What you will do –
Beginning with the line below that contains "Collectable tin circus" and ending with the line that contains "sangria-teal-blue-&-gold-toned-ethnic-motifs-ethnic-midi-dress", copy every line exactly. Copy nothing else.

Source material –
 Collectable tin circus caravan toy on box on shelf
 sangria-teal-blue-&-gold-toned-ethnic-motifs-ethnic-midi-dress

...

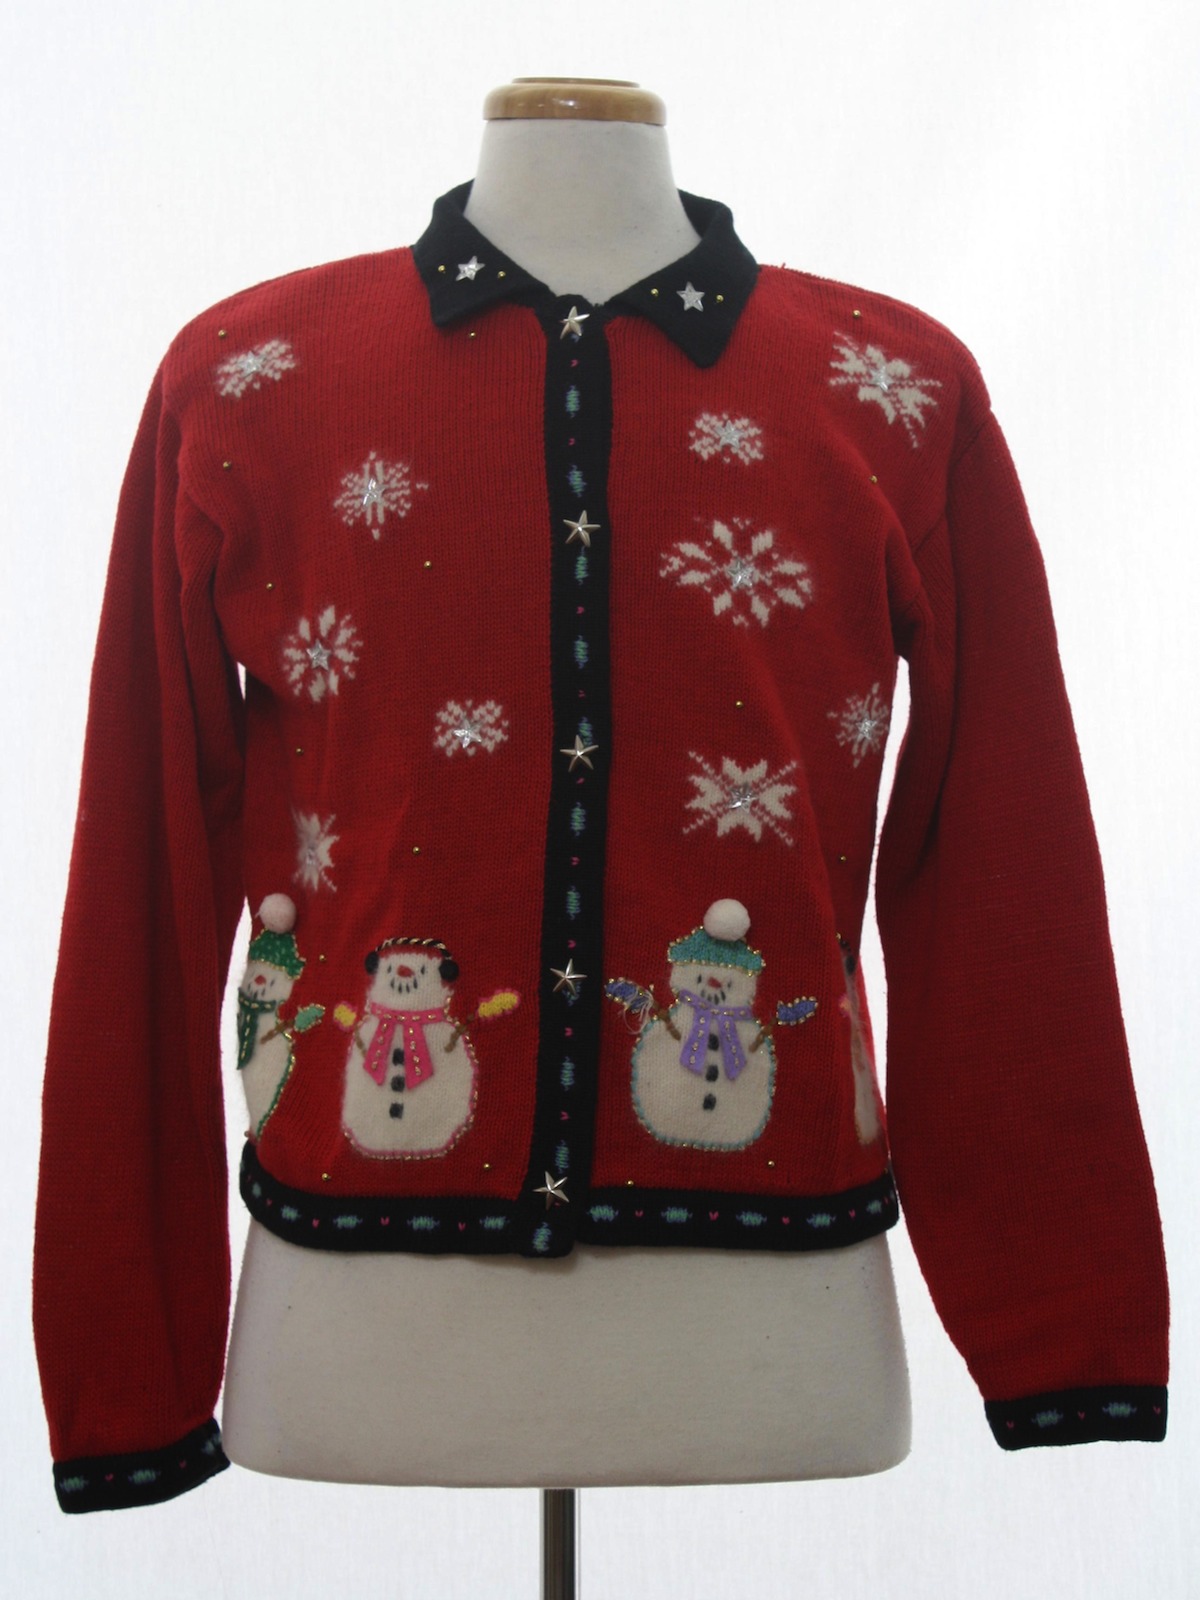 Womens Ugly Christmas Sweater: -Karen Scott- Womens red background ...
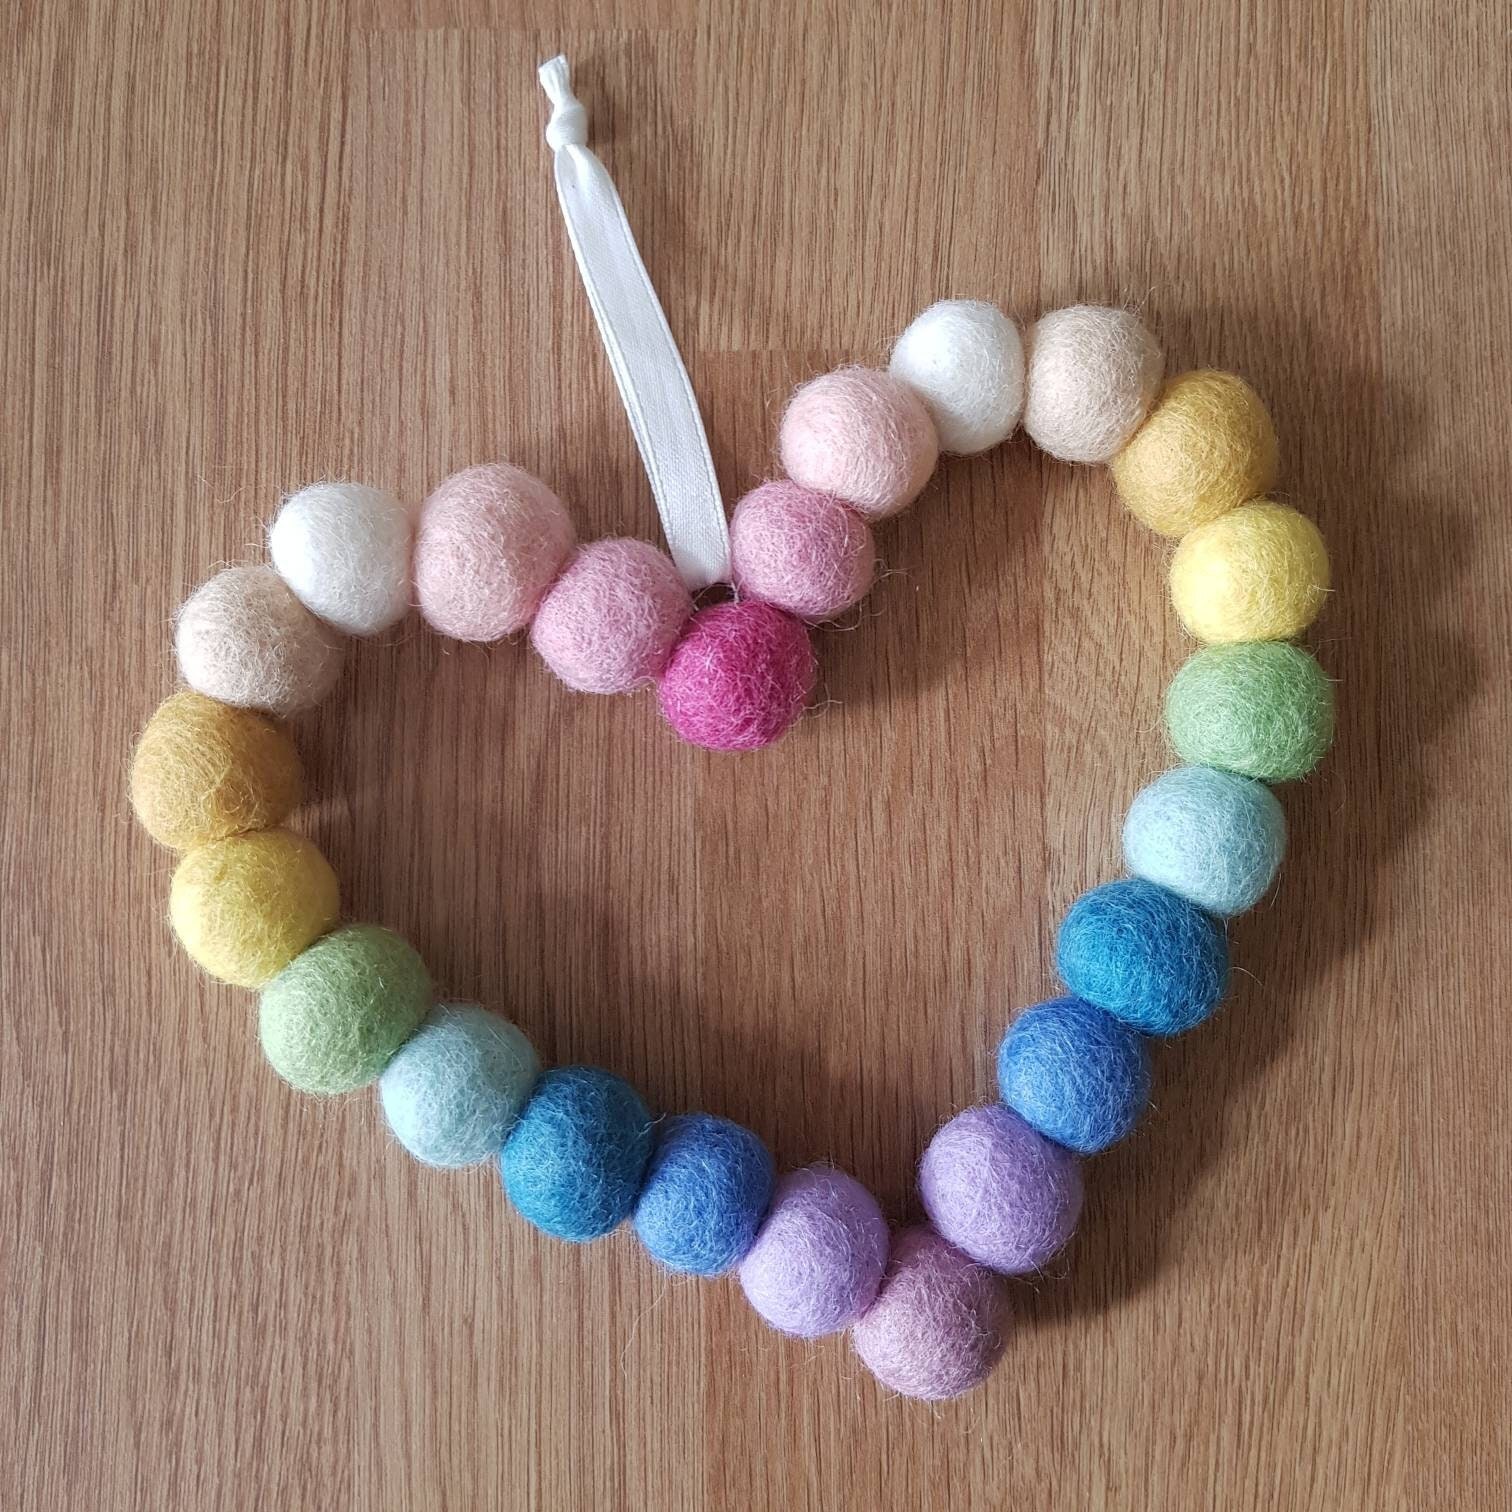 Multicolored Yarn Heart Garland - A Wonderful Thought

---

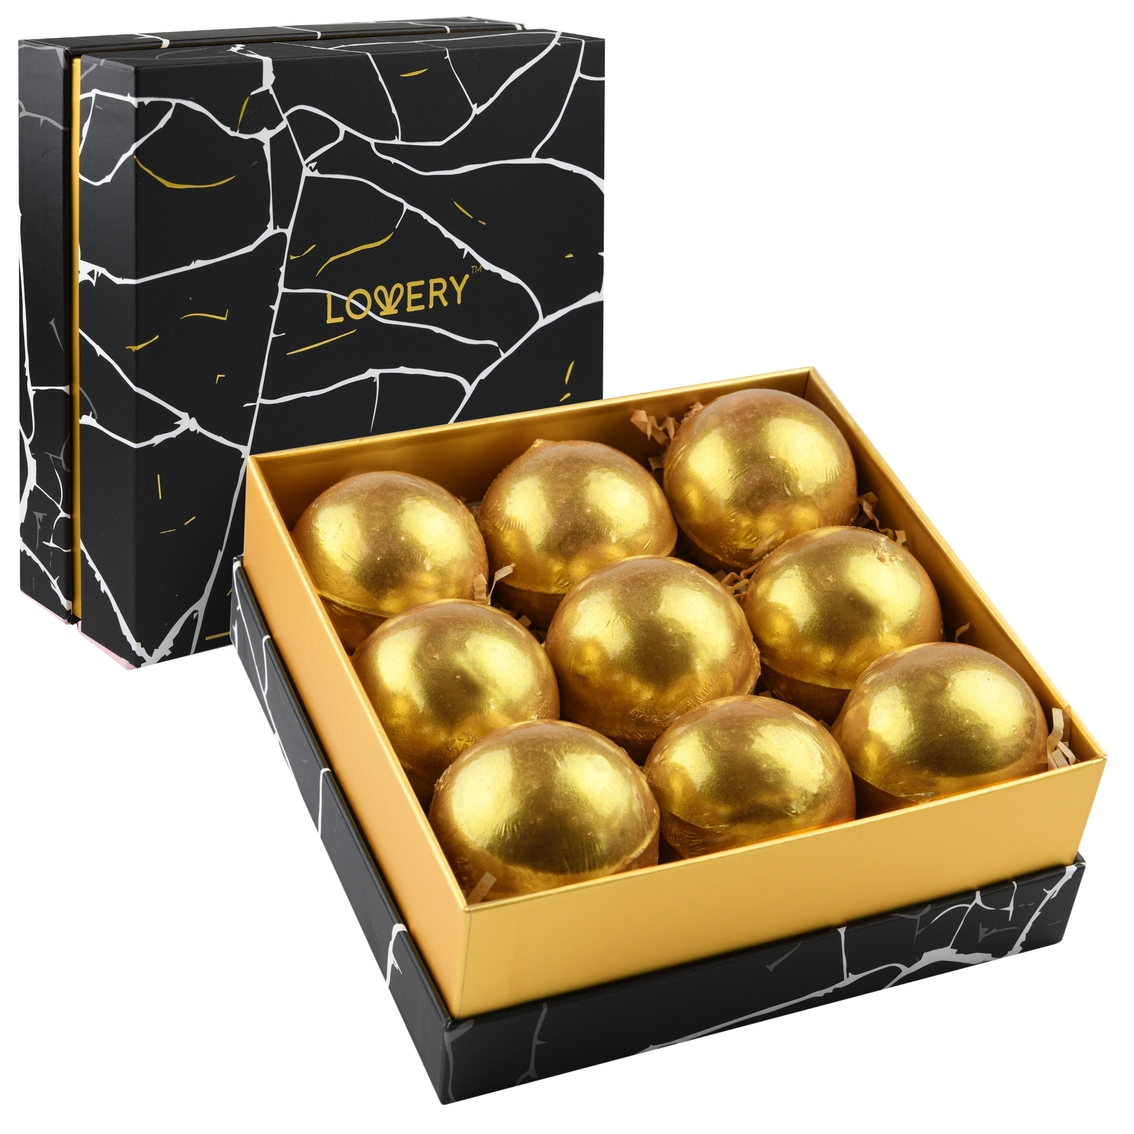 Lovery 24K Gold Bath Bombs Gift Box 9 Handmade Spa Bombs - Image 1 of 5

Completed task –
 Collectable tin circus caravan toy on box on shelf
 sangria-teal-blue-&-gold-toned-ethnic-motifs-ethnic-midi-dress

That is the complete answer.